Хильфе скорчил ему гримасу:
— Тёмное? Что вы, оно просто грандиозно! Роу грустно покачал головой:
— Револьвера я вам не дам.
И вдруг Хильфе захохотал, в голосе его звучали истерические нотки.
— Я хотел вас пощадить! — с ненавистью закричал он. — Если бы вы отдали револьвер, может, я вас и пожалел бы. Застрелился бы, и все. Ну а теперь… — голова его дёргалась перед дешёвым зеркалом, — теперь я вам выложу все даром.
— Я не хочу ничего слушать, — сказал Роу и отвернулся. Сверху по лестнице скатился низенький человек в старом-престаром коричневом котелке и кинулся к писсуару. Котелок лез ему на самые уши, словно кто-то с силой его нахлобучил.
— Ну и ночка, — сказал он, — ну и ночка.
Он был бледен, лицо его выражало испуг и негодование. Когда Роу дошёл до лестницы, на землю тяжело упала бомба.

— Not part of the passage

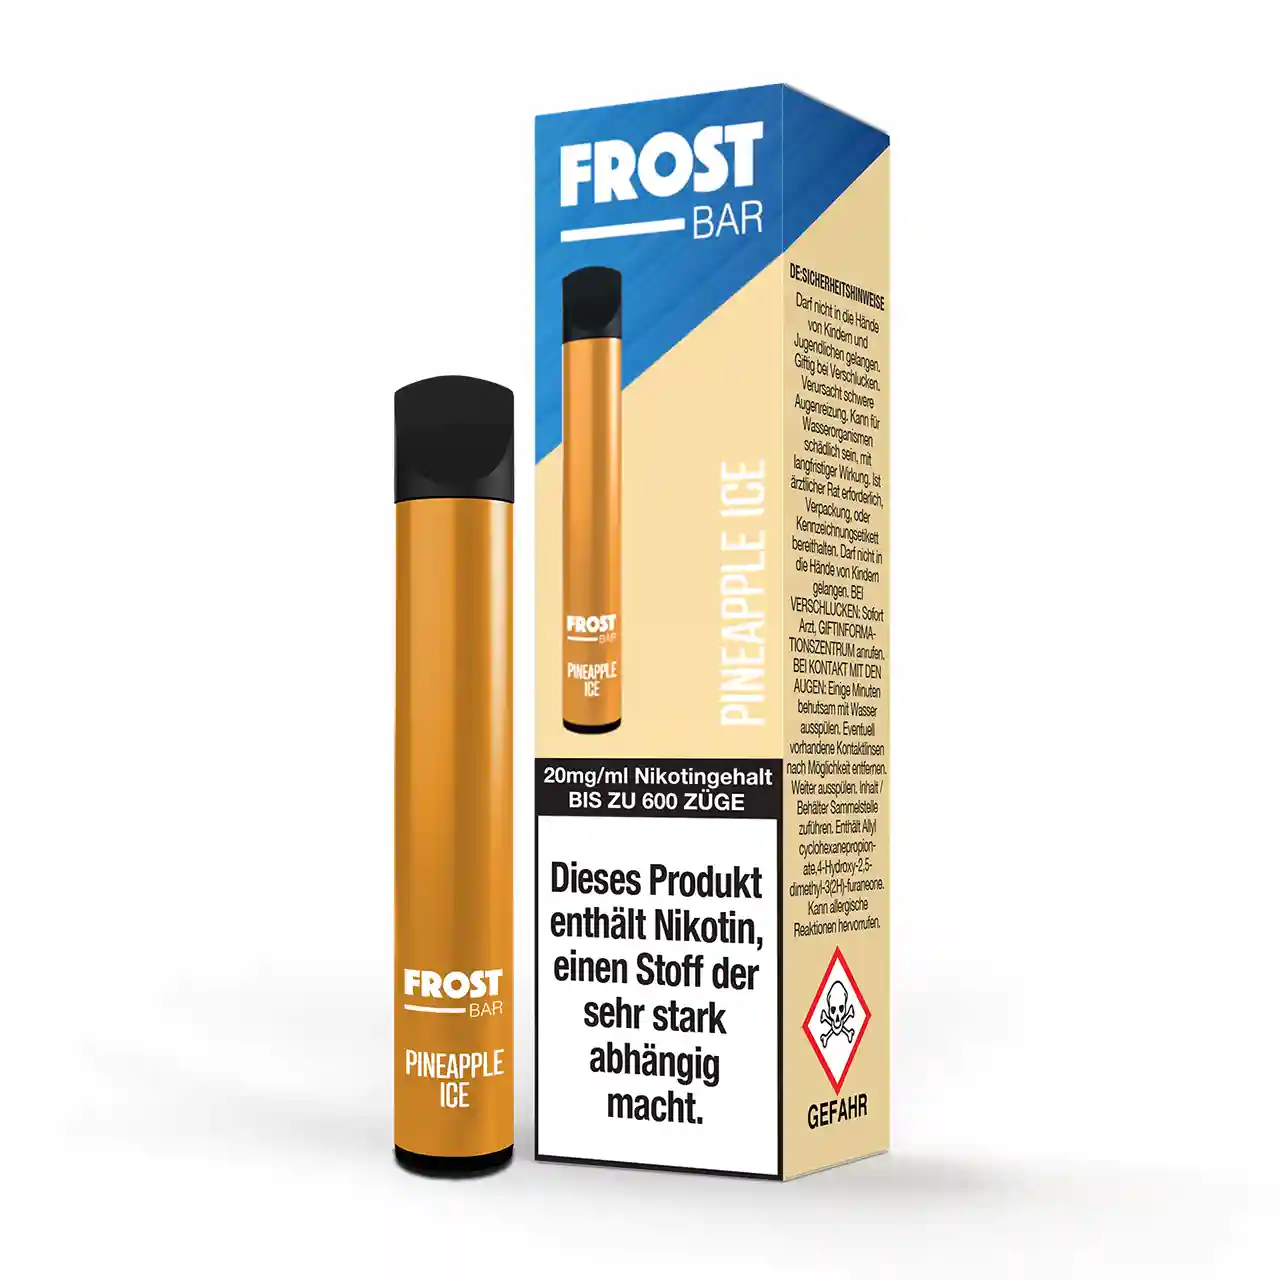 Frost Bar Pineapple Ice

Человечек стал поспешно застёгивать брюки; он пригнулся, словно ему хотелось сделаться ещё меньше. Хильфе сел на край умывальника, прислушиваясь к тому, что творится снаружи, и тоскливо улыбался, словно в последний раз слушал голос навсегда уходящего друга. Роу стоял на нижней ступеньке, над его головой загромыхал экспресс; маленький человечек ещё ниже пригнулся. Грохот стал стихать, а потом под ногами дрогнула земля. Снова наступила тишина, если не считать шелеста падающей по ступеням извёстки. И почти сразу же засвистела вторая бомба. Они ждали, замерев как перед объективом: один сидя, другой присев, третий стоя. Если эта бомба разорвётся ближе, она должна их уничтожить. Но и она пролетела мимо, свист стих, бомба разорвалась немножко дальше.
— Хоть бы они перестали, — взмолился человек в котелке, и, словно в ответ, во всех писсуарах хлынула вода. Пыль висела облачком над ступеньками, и запах раскалённого металла заглушал вонь аммиака. Роу стал подниматься по лестнице.

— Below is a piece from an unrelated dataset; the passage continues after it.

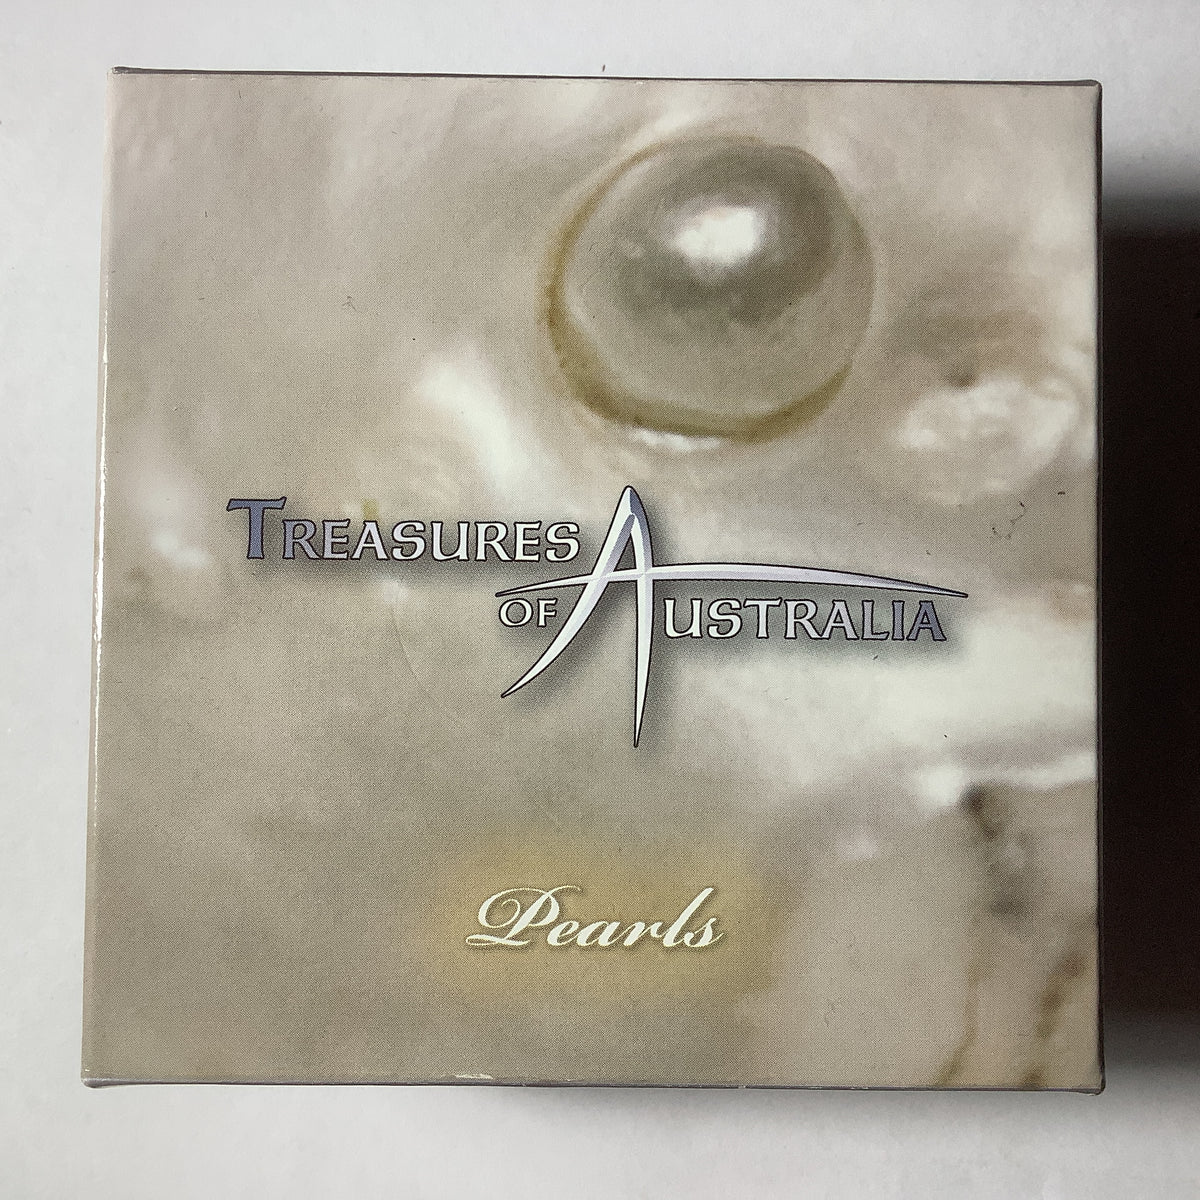 2011 Treasures of Australia 1 ounce silver proof. Pearls.

— Куда вы пошли? — спросил Хильфе. Он истерически выкрикнул: — В полицию? — И, когда Роу ничего не ответил, он отошёл от умывальника: — Вы не можете уйти, пока я не расскажу о вашей жене.

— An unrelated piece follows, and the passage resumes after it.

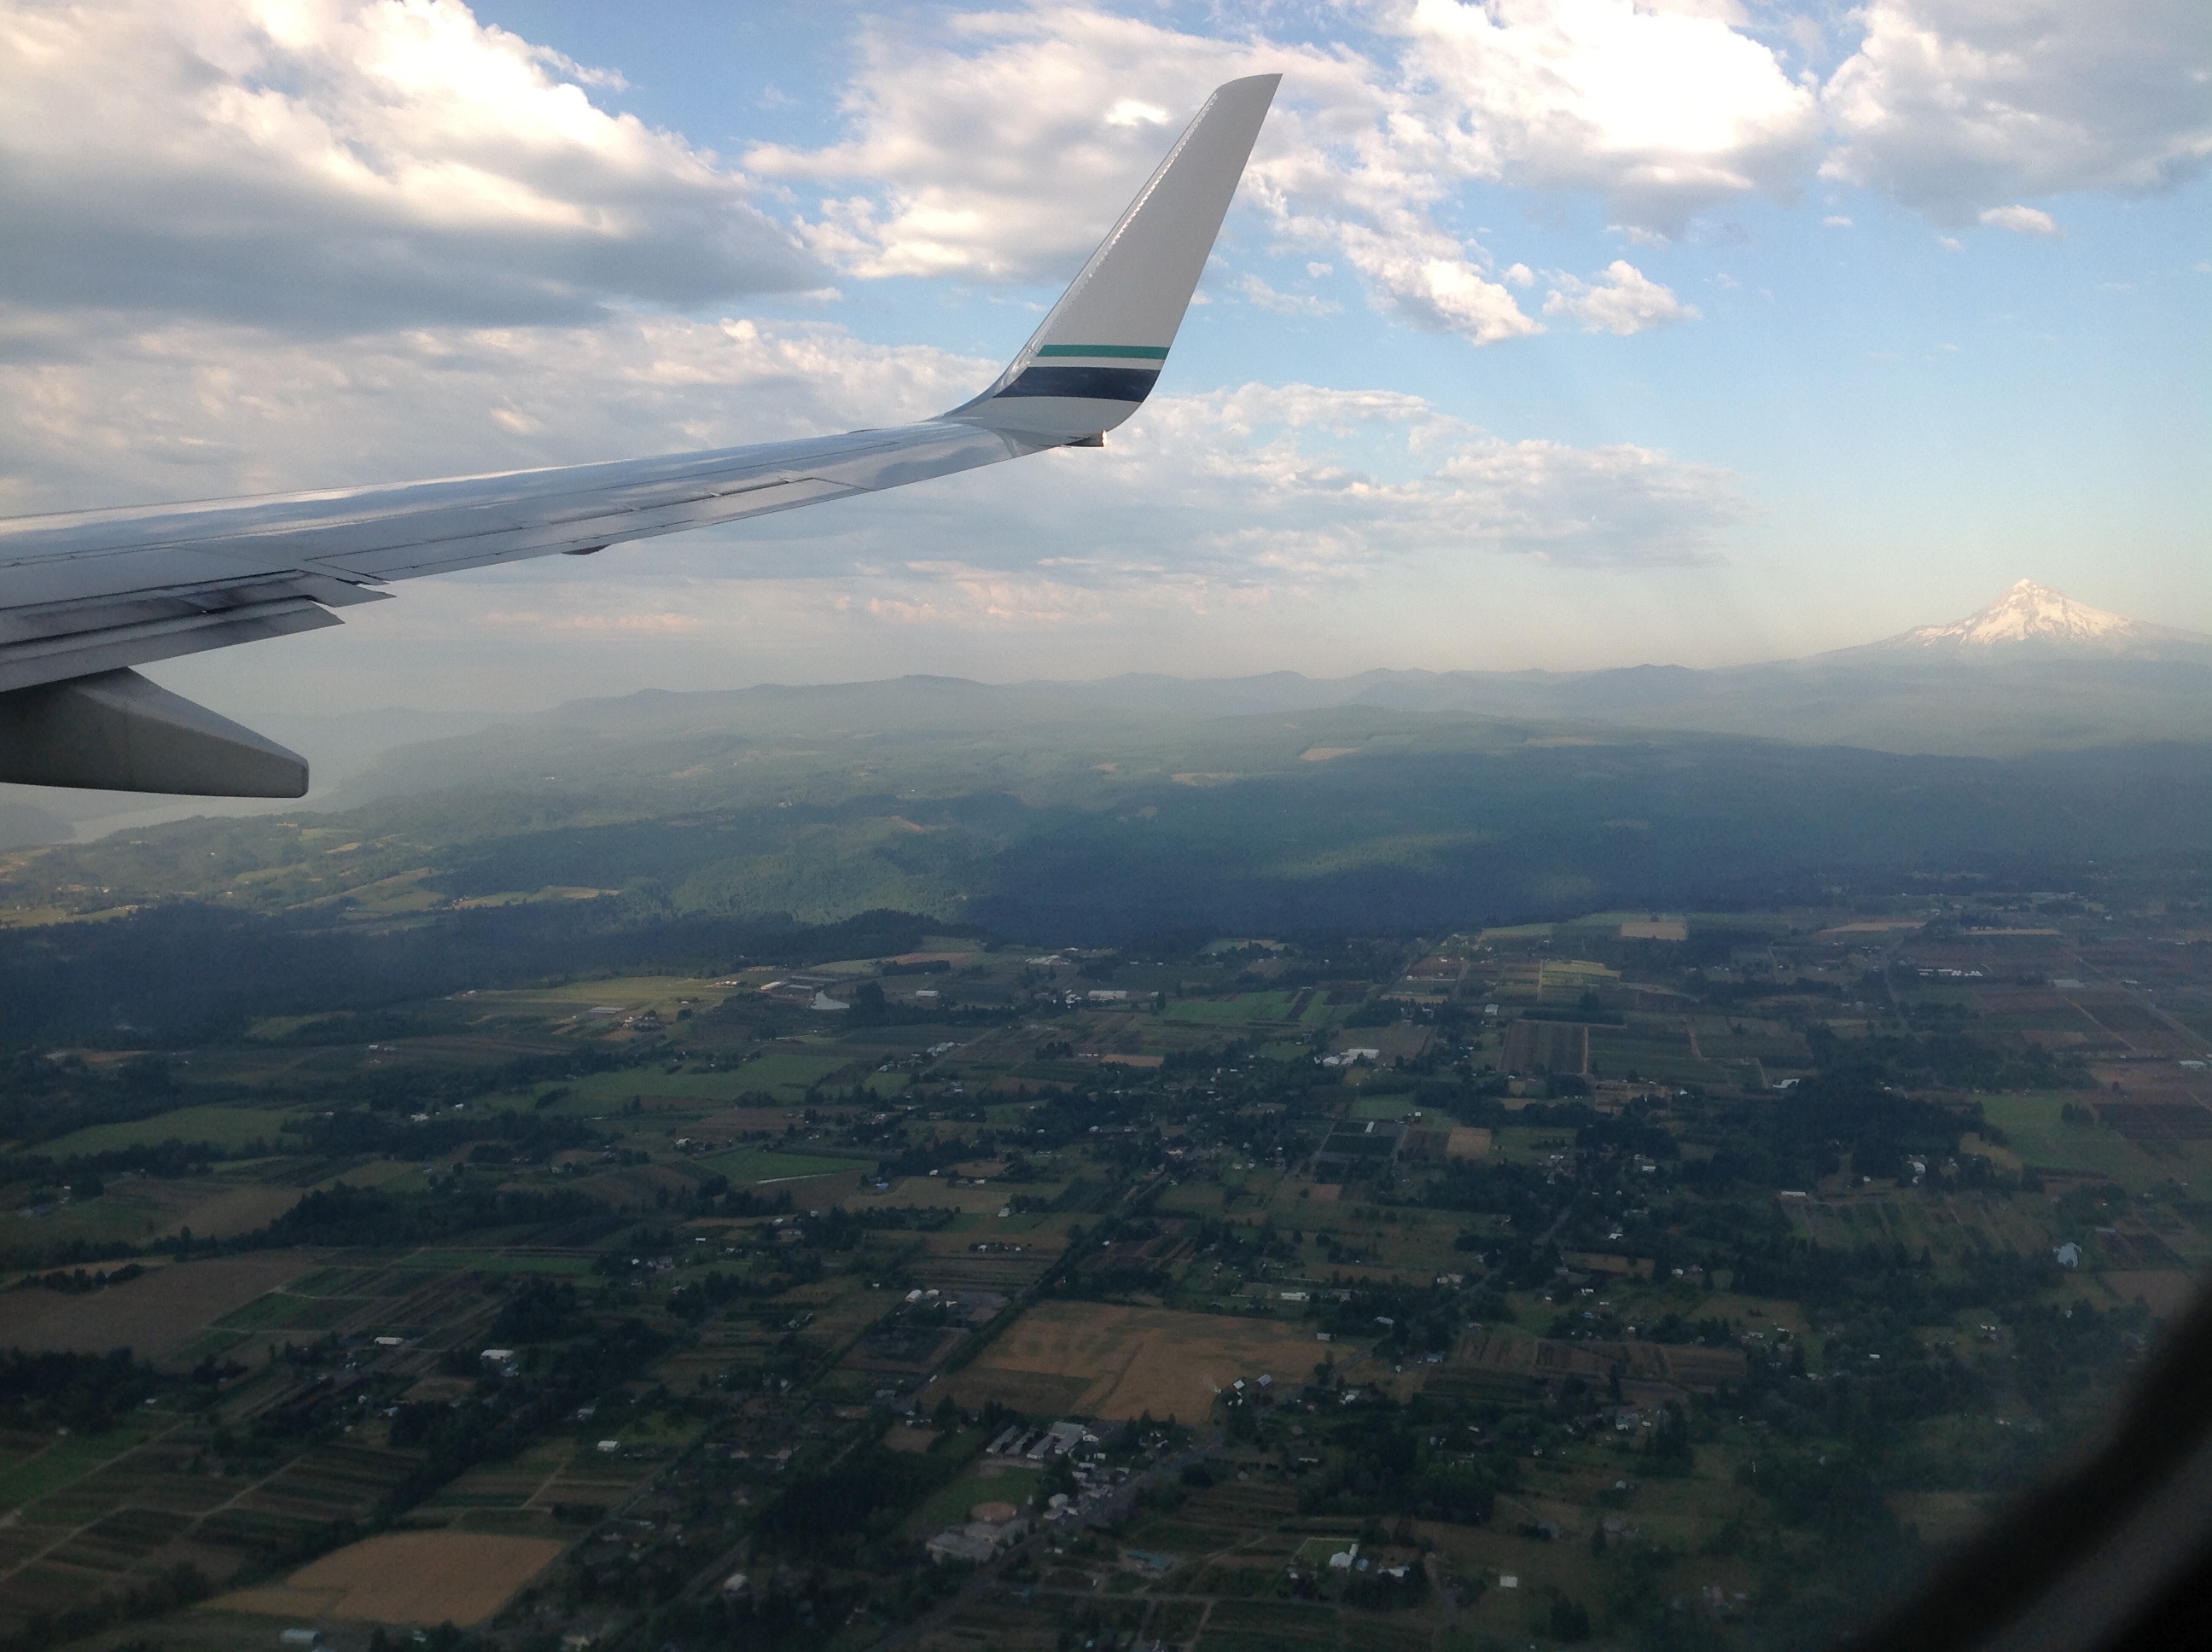 Approaching PDX (Columbia River on the left, Mount Hood on the right)

— О моей жене? — Роу спустился обратно. — Теперь он уже не мог спастись бегством, среди умывальников его ждали потерянные годы жизни.
Он спросил, больше ни на что не надеясь:
— Я женат?
— Были женаты. Вы ещё не помните? Вы её отравили. — И он снова захихикал. — Вы отравили вашу Алису.
— Кошмарная ночь, — сказал человек в котелке; он не слышал ничего, кроме тяжёлого, прерывистого гудения бомбардировщика.
— Вас судили за убийство и отправили в сумасшедший дом. Можете сами прочесть в газетах, я вам укажу числа.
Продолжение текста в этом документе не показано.